* Your task *
Reproduce the listing below exactly, except for its pictures.

Data block START

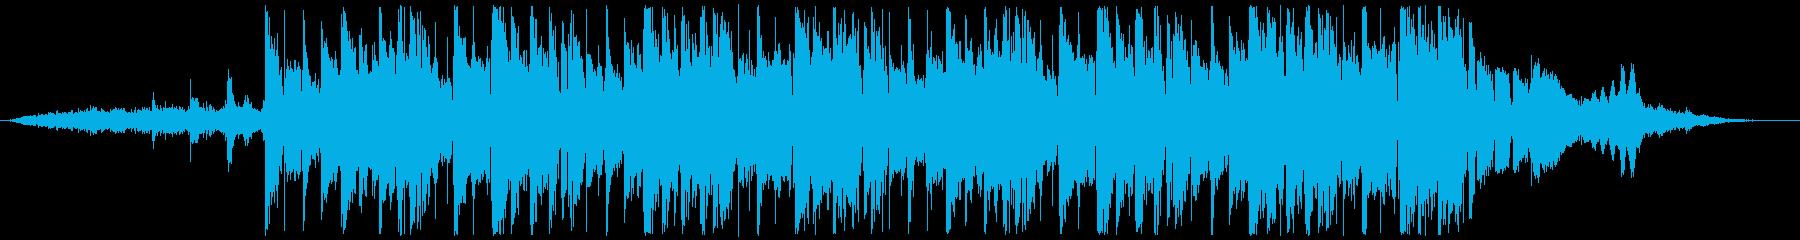 クランチなギターが徐々に重なるジングルの再生済みの波形
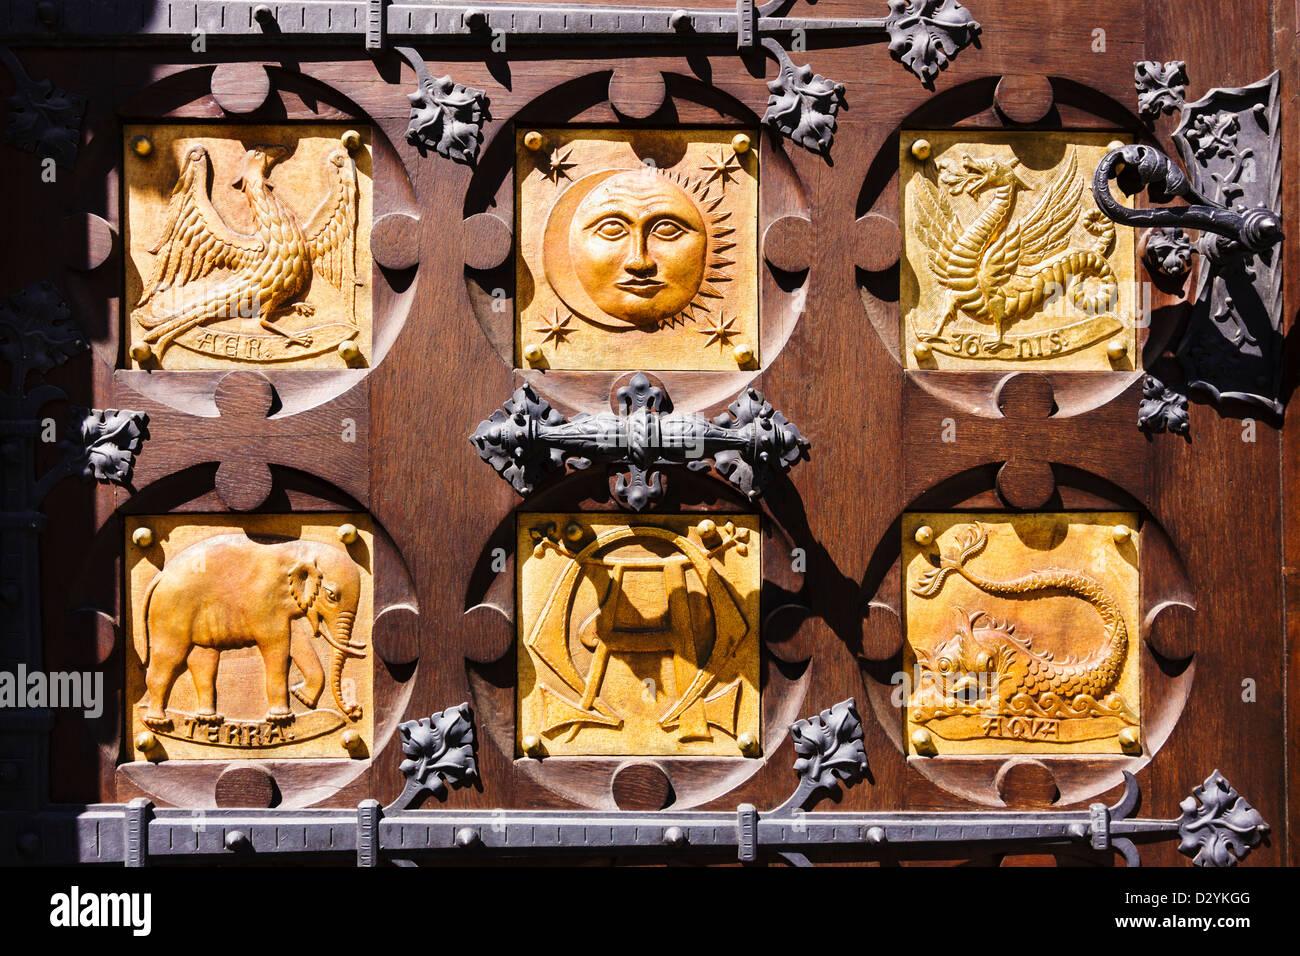 Elementi classici intagli alle porte dell Abbazia di San Tommaso, dove Gregor Mendel ha stabilito la genetica moderna. Immagini Stock
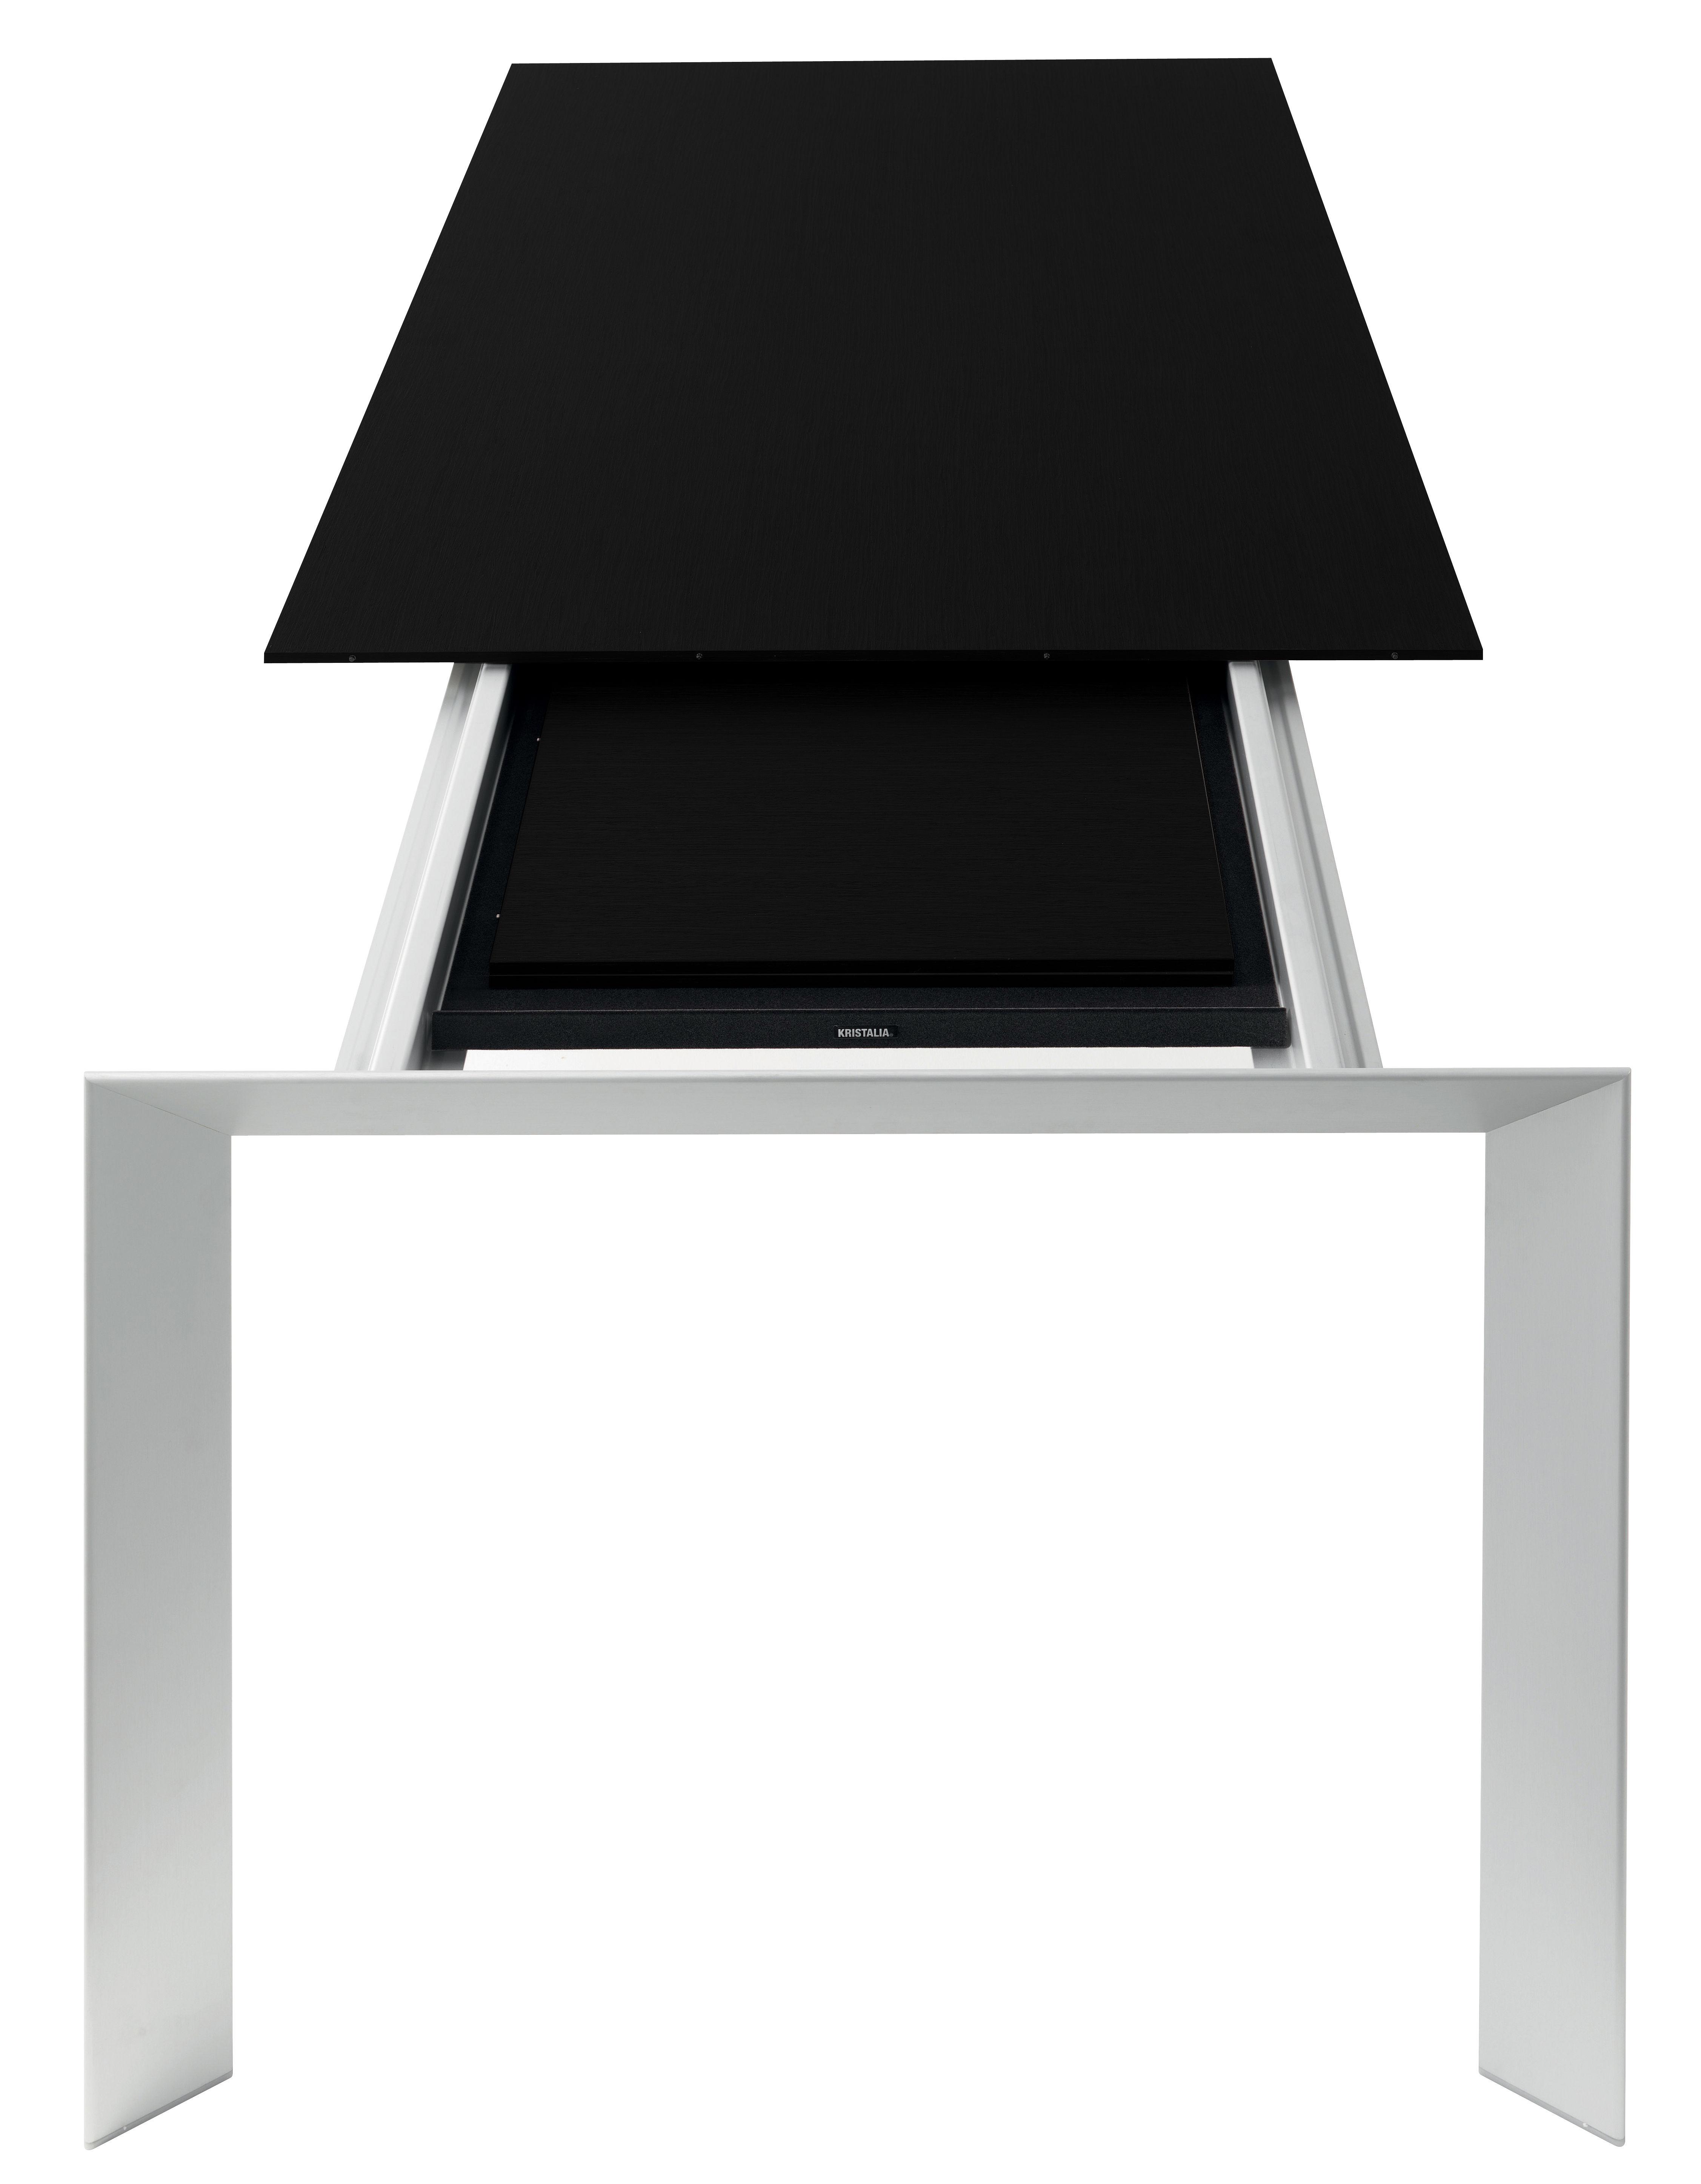 Rentrée 2011 UK - Bureau design - Tavolo con prolunga Nori - Estensibile di Kristalia - Piano e prolunghe: laminato nero - Alluminio anodizzato, Laminato stratificato
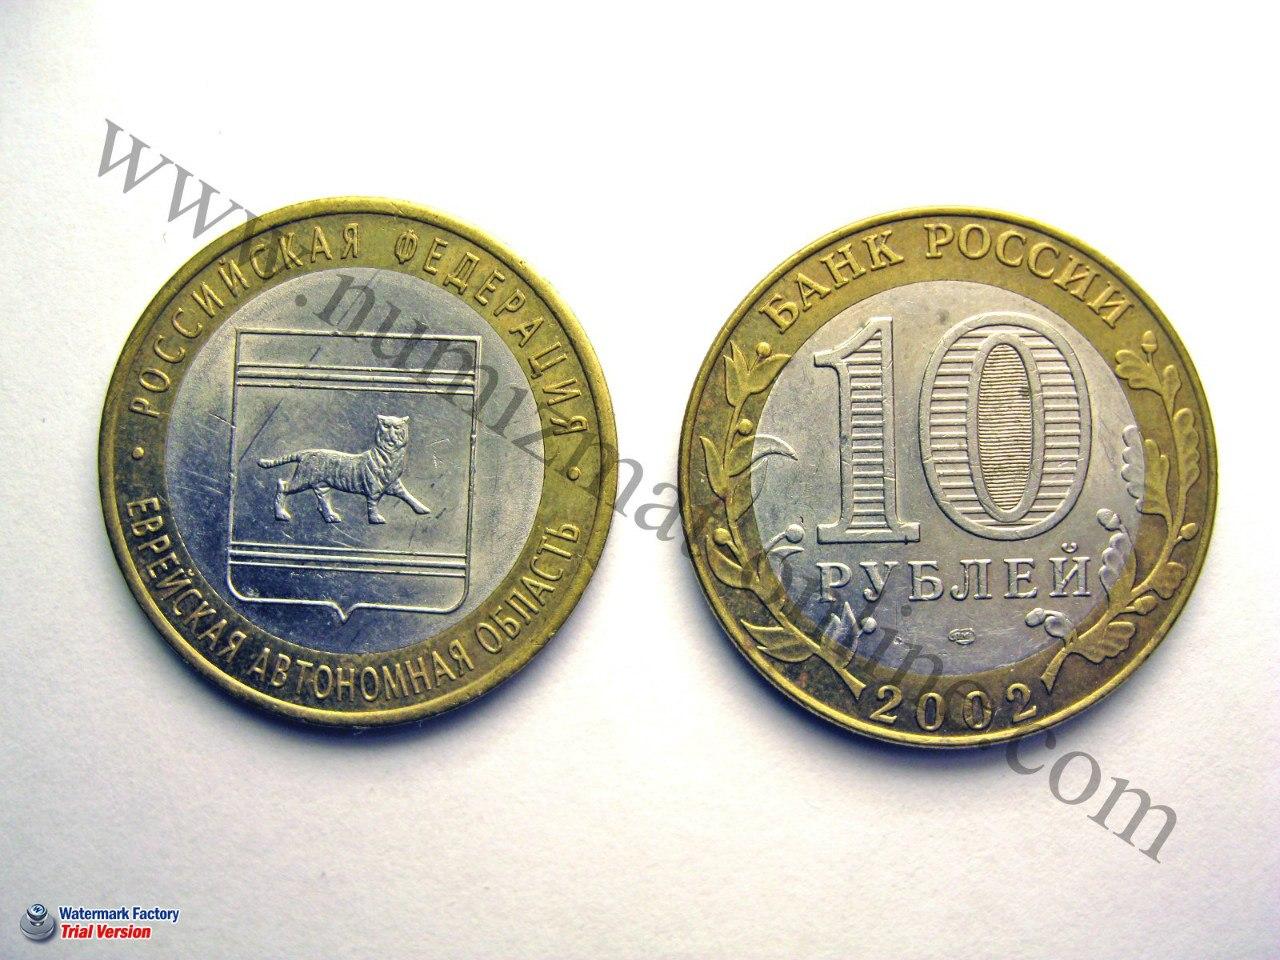 Еврейская автономная область. 10 рублей. Российская Федерация

Data block END

* Answer to this problem *
 クランチなギターが徐々に重なるジングルの再生済みの波形
 Elementi classici intagli alle porte dell Abbazia di San Tommaso, dove Gregor Mendel ha stabilito la genetica moderna. Immagini Stock
 Rentrée 2011 UK - Bureau design - Tavolo con prolunga Nori - Estensibile di Kristalia - Piano e prolunghe: laminato nero - Alluminio anodizzato, Laminato stratificato
 Еврейская автономная область. 10 рублей. Российская Федерация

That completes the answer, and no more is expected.